Efectivamente, tal cual viene describiendo MDZ desde hace meses, la situación en esta localidad del Oeste del Gran Buenos Aires, determina un antes y un después no sólo en la relación de Zabaleta con La Cámpora, sino que será el territorio elegido para dejar en claro cómo sigue la dinámica entre los históricos peronistas y los seguidores de Máximo Kirchner.
Cuando el ex ministro de Desarrollo Social empezó a negociar su vuelta al distrito tras penar inclusive con su amigo Alberto Fernández, parece que nadie le creyó. Sino, es inentendible que la situación haya llegado hasta este extremo en el que ni Selci pudo recuperar la presidencia del Concejo Deliberante local.

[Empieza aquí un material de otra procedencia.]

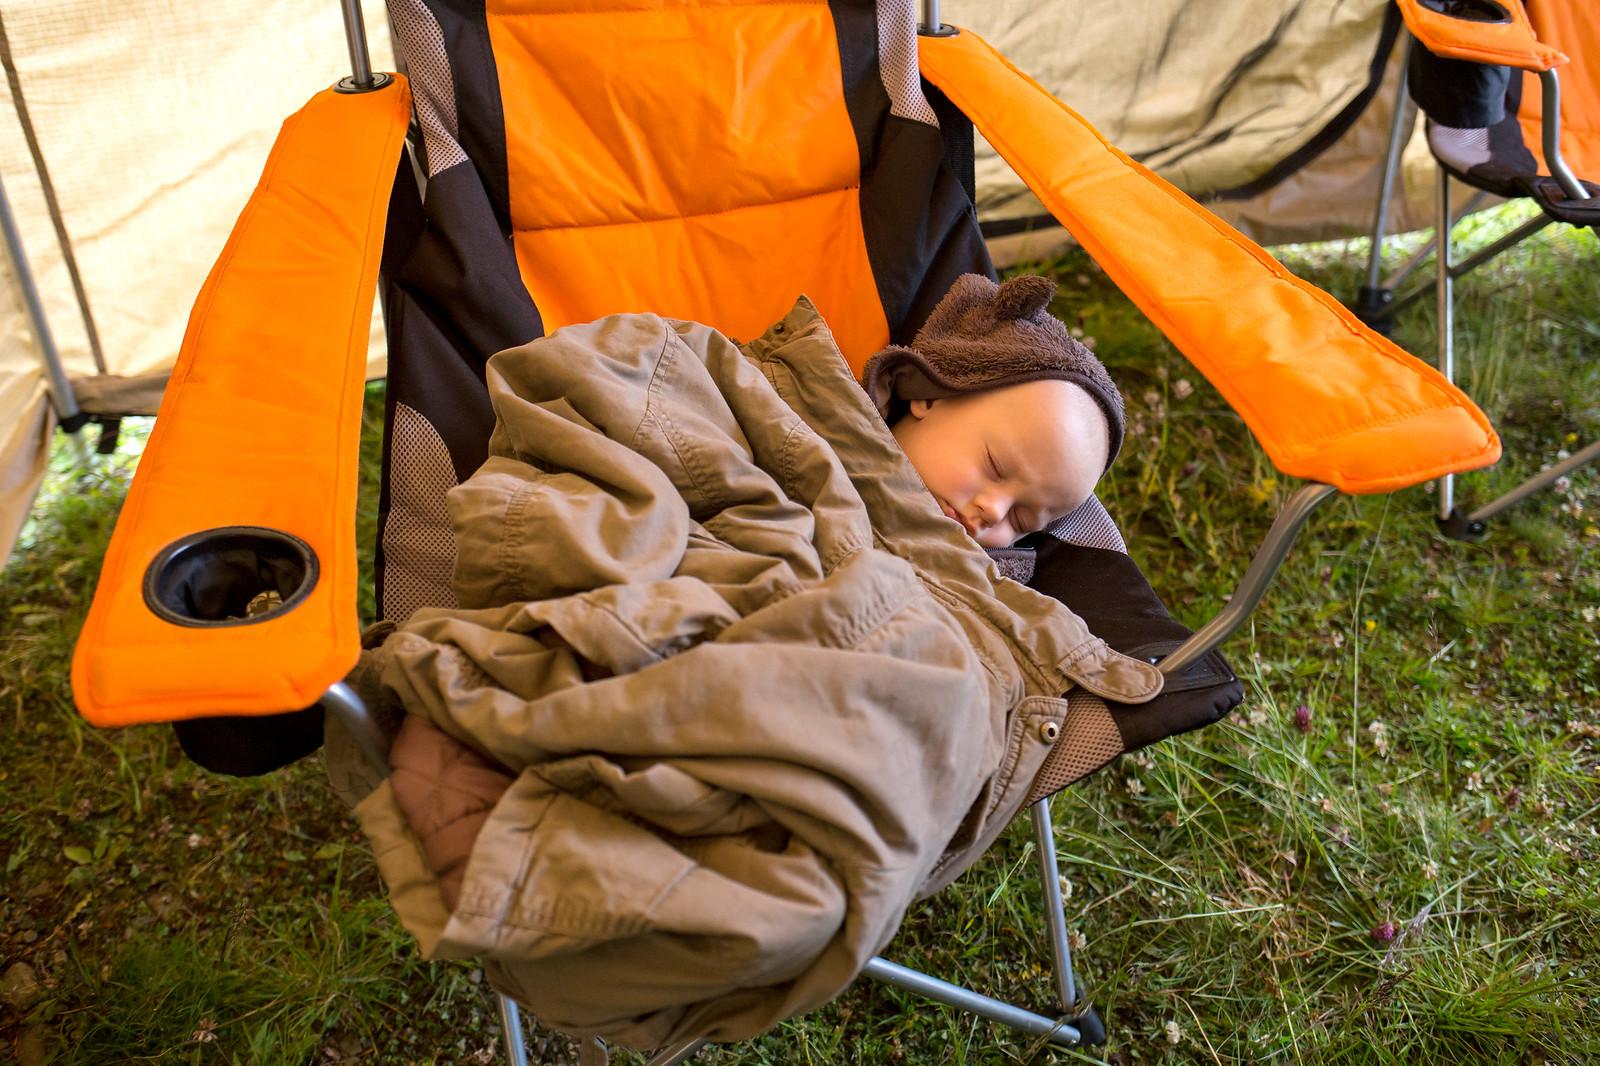 Лагерь разбили довольно рано. Так как погода была плохая, то дождик моросил то ветерок, разложил стенки у маркизы и получилось усыпить сына прямо на кресле.
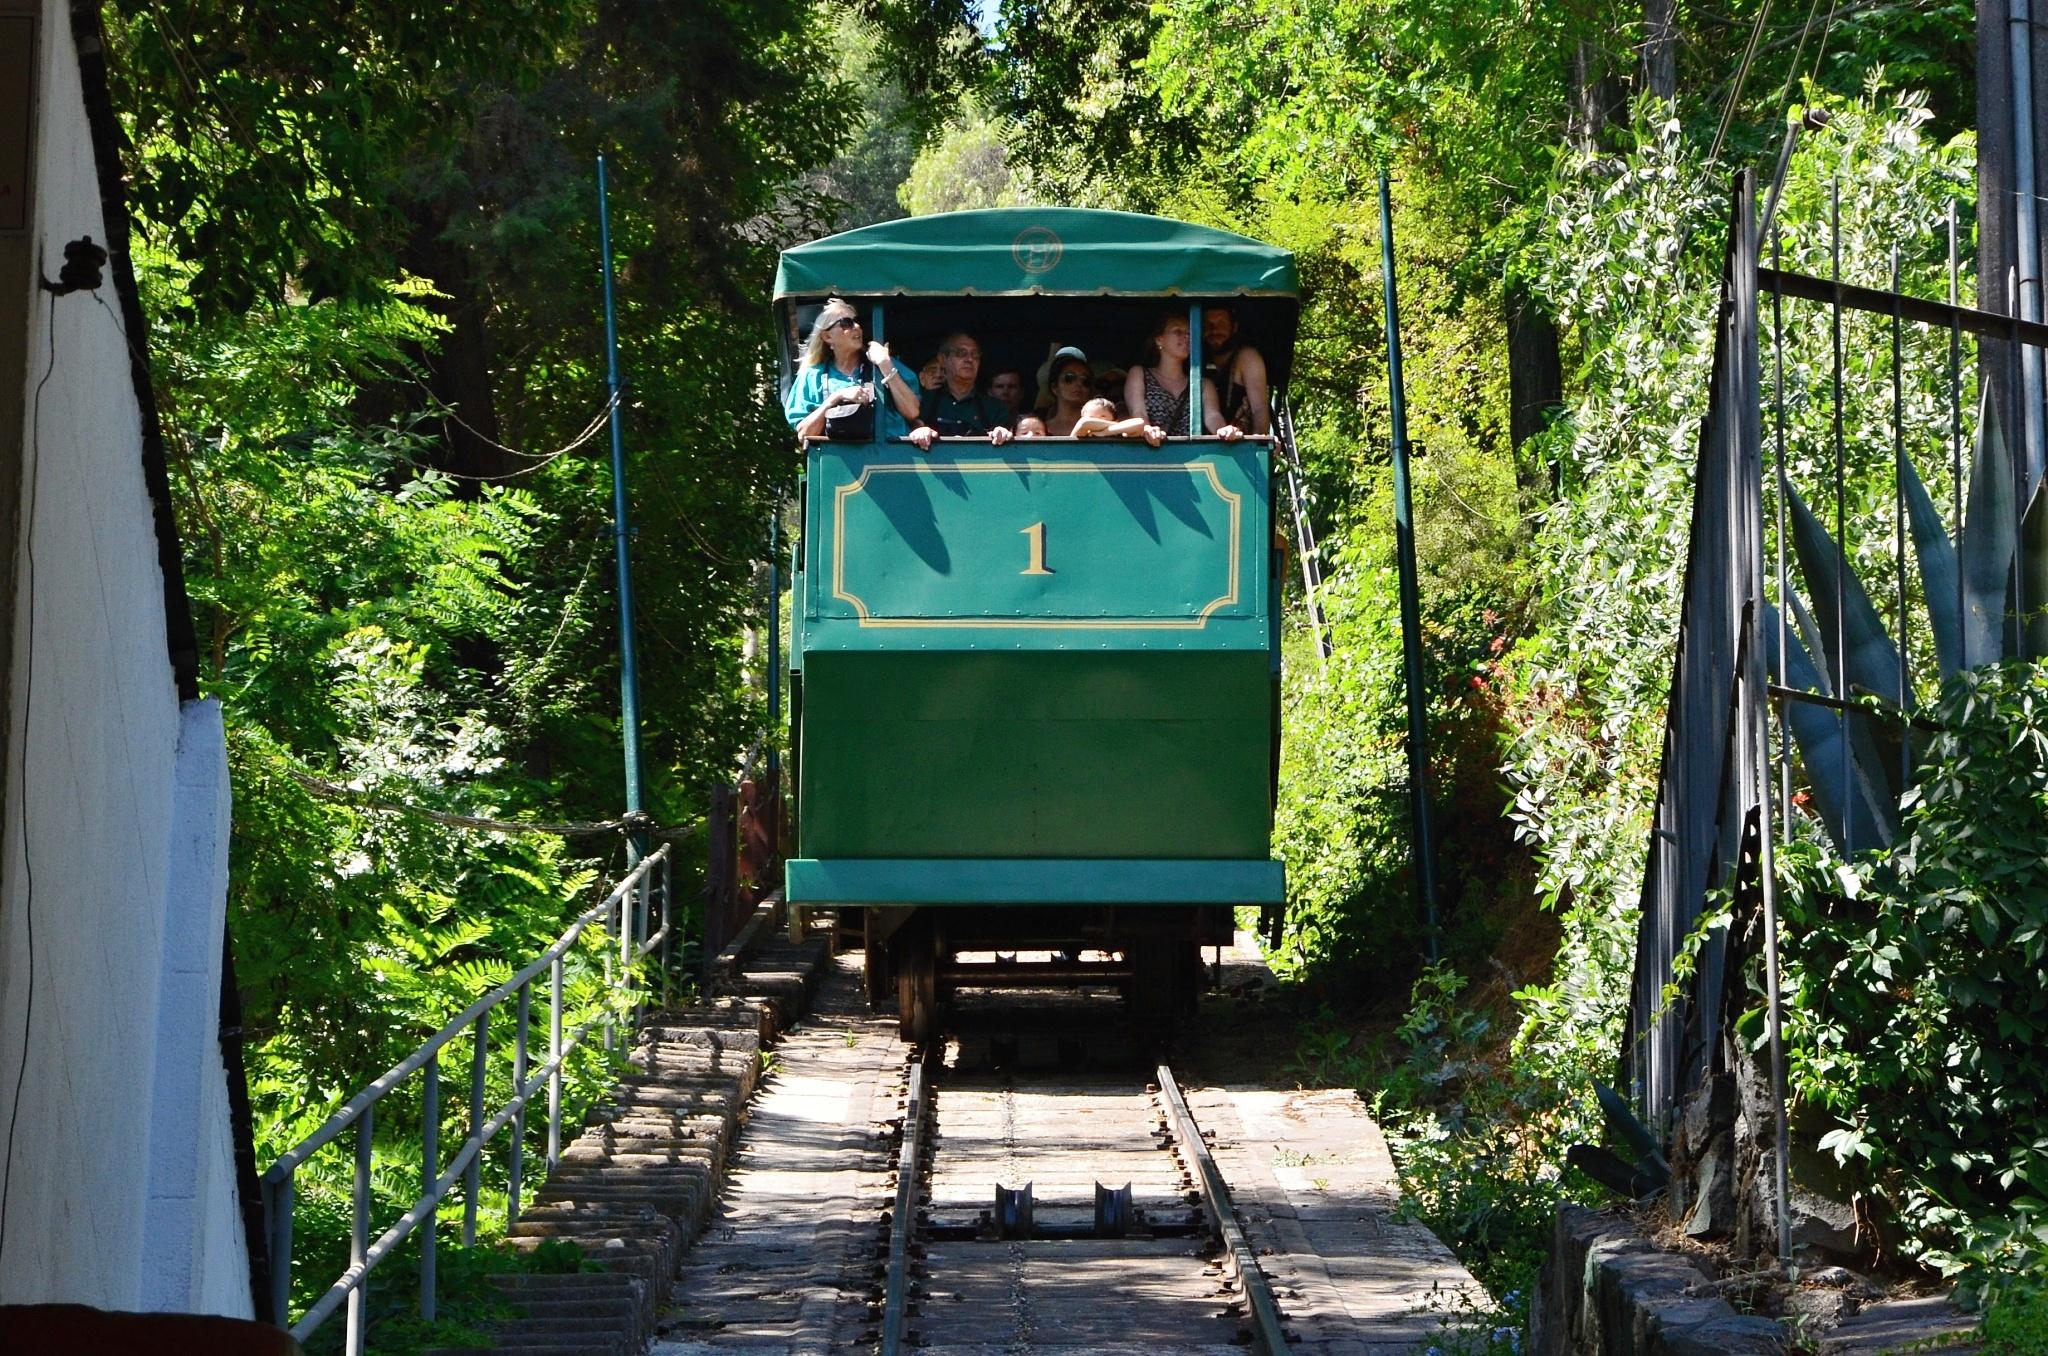 Vůz lanovky přijíždí do stanice na úpatí kopce San Cristóbal

Seiscientos empleados contratados durante su gestión fueron puestos a revisión de tareas por sus respectivos directores y secretarios, les bajaron sus remuneraciones a lo que establecía un simple mensualizado sin tareas y perdieron el manejo de cuatro áreas claves, entre ellas Contaduría, Tesorería, Obras Públicas y Hacienda.
En "solidaridad" con los cuatro secretarios dados de baja y reemplazados por gente de extrema confianza de Zabaleta, Rodríguez y Selci le exigieron a los otros directores y secretarios que podían seguir en funciones que se fueran de sus cargos. Algunos de ellos negociaron hasta entrada la tarde del martes para ver cómo lo hacían e inclusive, uno de ellos, le deslizó a un viejo conocido que sigue trabajando con el intendente que "no siga con la purga... Pedile si podemos volver a hablar en unos meses", según pudo saber MDZ directamente de uno de los referentes peronistas que tuvo una alianza con La Cámpora local.
Como siempre sucede, cada funcionario o concejal llega con un listado de pedidos, entre ellos, personas con capacidad administrativa u operativa que termina siendo "premiada" con un lugar en el listado municipal o provincial. En el caso de Hurlingham, los "renunciados" tenían a más de uno que el municipio le significaba su único ingreso y que pone en riesgo su sustento futuro.
Es por eso que, al no soportar el pedido de ayuda directa por haber perdido el empleo, hasta el dirigente supuestamente enojado empieza a revisar su postura. Seguramente, continuará.